Снова и снова Священное Писание в целом обозначается отцами Церкви посредством образов, которые c психологической точки зрения мы сегодня рассматриваем как символы бессознательного: родник, лабиринт, бескрайнее море, бездонное небо, непроглядная пропасть, или как дикий бурный поток, из которого можно вечно черпать новую жизнь, но чьи окончательные тайны навсегда остаются недостижимыми для нас. «Это есть река, берущая свое начало в месте блаженства и делящаяся на четыре реки Рая… Таким образом, также четыре процедуры (regulae) или способа интерпретации смысла (sensus) Писания:… исторический, аллегорический, тропологический, анагогический. На этих четырех колесах движется (volvitur [буквально - вращается]) все Священное Писание…» Тот же кватернион процедур интерпретации можно усмотреть в четырех евангелистах, и в четырех отцов богословия: Григорий (Лука), Амвросий (лев), Иероним (бык), и Августин (орел). Иероним является историком, Григорий — моралистом, Амвросий — догматиком; Августин же — орел, «который поднимается до высоты мистических спекуляций».
Этот учетверенный экзегезис удивительным образом соответствует теории четырех основных функций сознания, разработанной Юнгом чисто эмпирически, путем наблюдения за своими пациентами и без знания упомянутых выше методов интерпретации.
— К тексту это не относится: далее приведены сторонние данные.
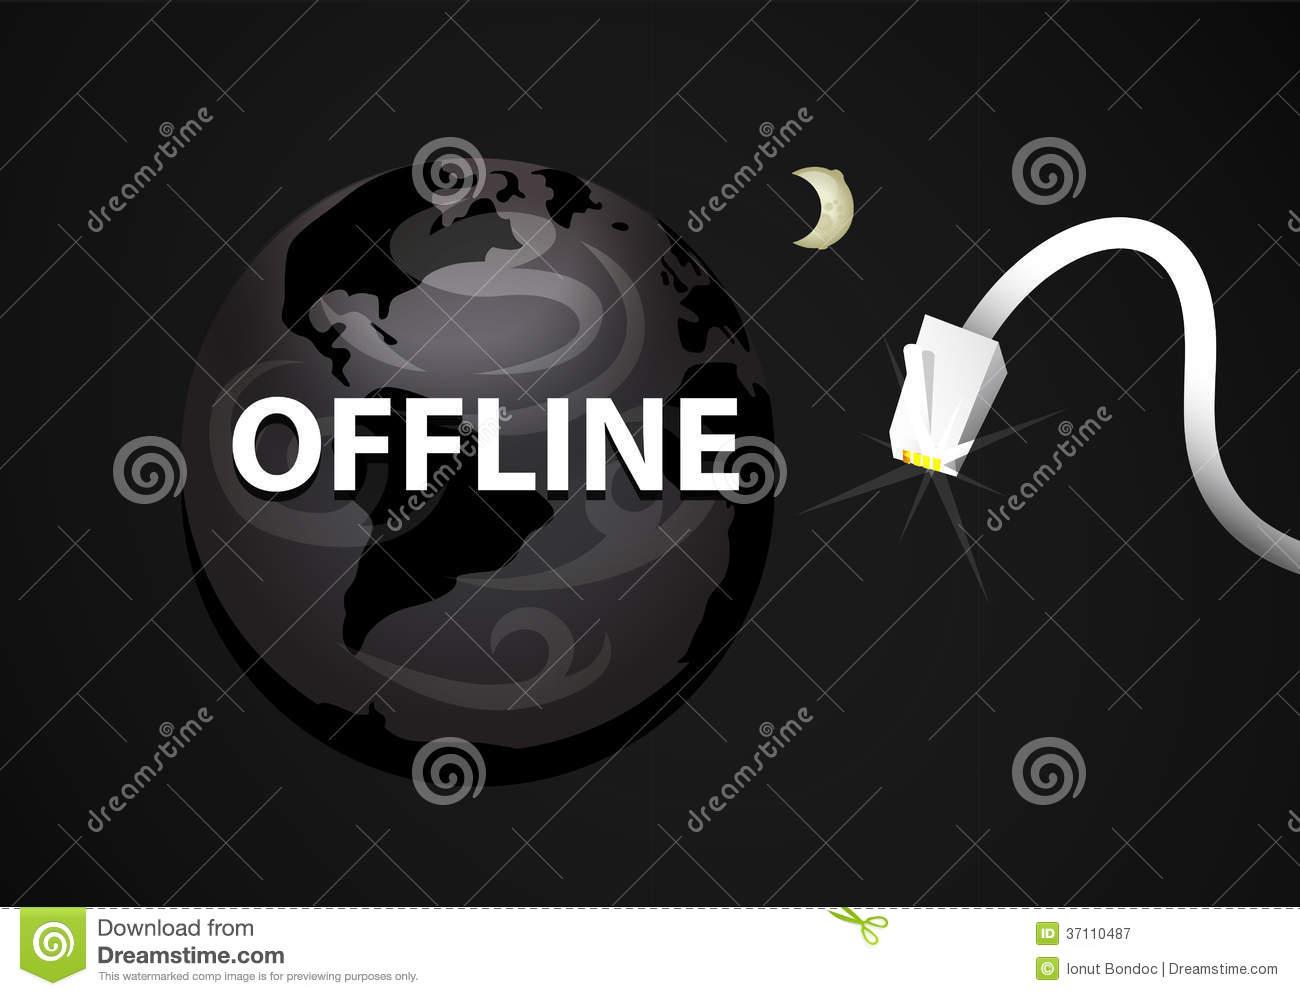 Offline Clip Art.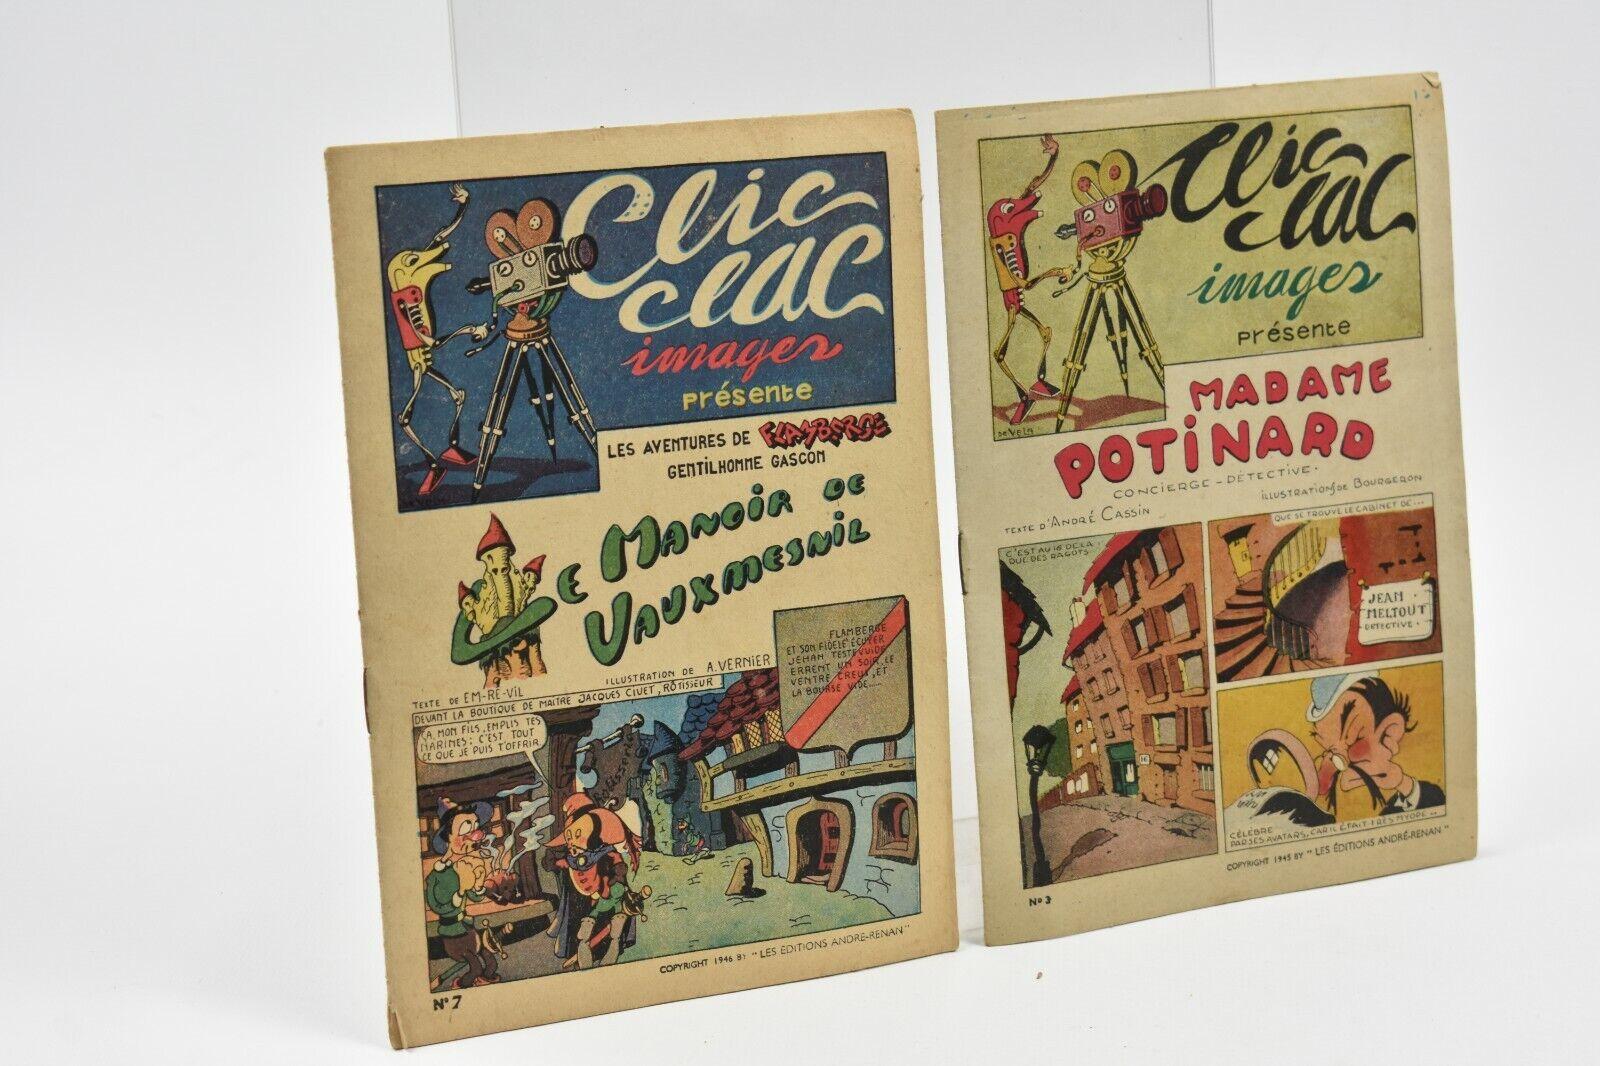 Clic clac images le manoir de vauxmesnil/madame potinard n°7-3

Согласно его описанию, функции сознания, сведенные к их просейшим формулировкам, можно разделить следующим образом:
1. Сенсорная функция, которая констатирует факты, то есть, видит, слышит, осязает и так далее
2. Мышление, которое приводит в логическую связь то, что было воспринято
3. Чувство, которое оценивает то, что было воспринято — приятно/неприятно, признать/отвергнуть, лучше/уже
4. Интуиция, которая представляет собой своего рода способность угадывания, ориентирует нас на то, откуда пришло воспринятое нами, и предвосхищает то, куда оно уйдет.
Исторической интерпретации Писания соответствует сенсорной функции, поскольку оно рассматривает Писание, как изложение конкретных фактов. Sensus allegoricus, которое де Любак называет "le nerf de construction doctrinaire" [нерв догматических построений], связано с богословско-догматической классификацией библейского текста. Sensus tropologicus соответствует чувственной функции, нравственной оценке. Sensus anagogicus эквивалентно интуиции, которая «подобно орлу, летящему к небу», описывает круги вокруг того, что принадлежит будущему, на что можно надеяться, и о чем следует лишь умозрительно догадываться.
В средние века Священное Писание было рассматривать как единое целое, как мистерия, проясняющая для нас реальность Христа. Когда эта мистерия, непостижимая сама по себе, вращается посредством четырех колес — четырех типов библейской экзегезы — она приближается к нашему пониманию. Но наше понимание никогда не может объяснить Писание «исчерпывающе», ибо, по выражению Иоанна Скотта Эриугены, «смысл божественного слова бесконечно разнообразен».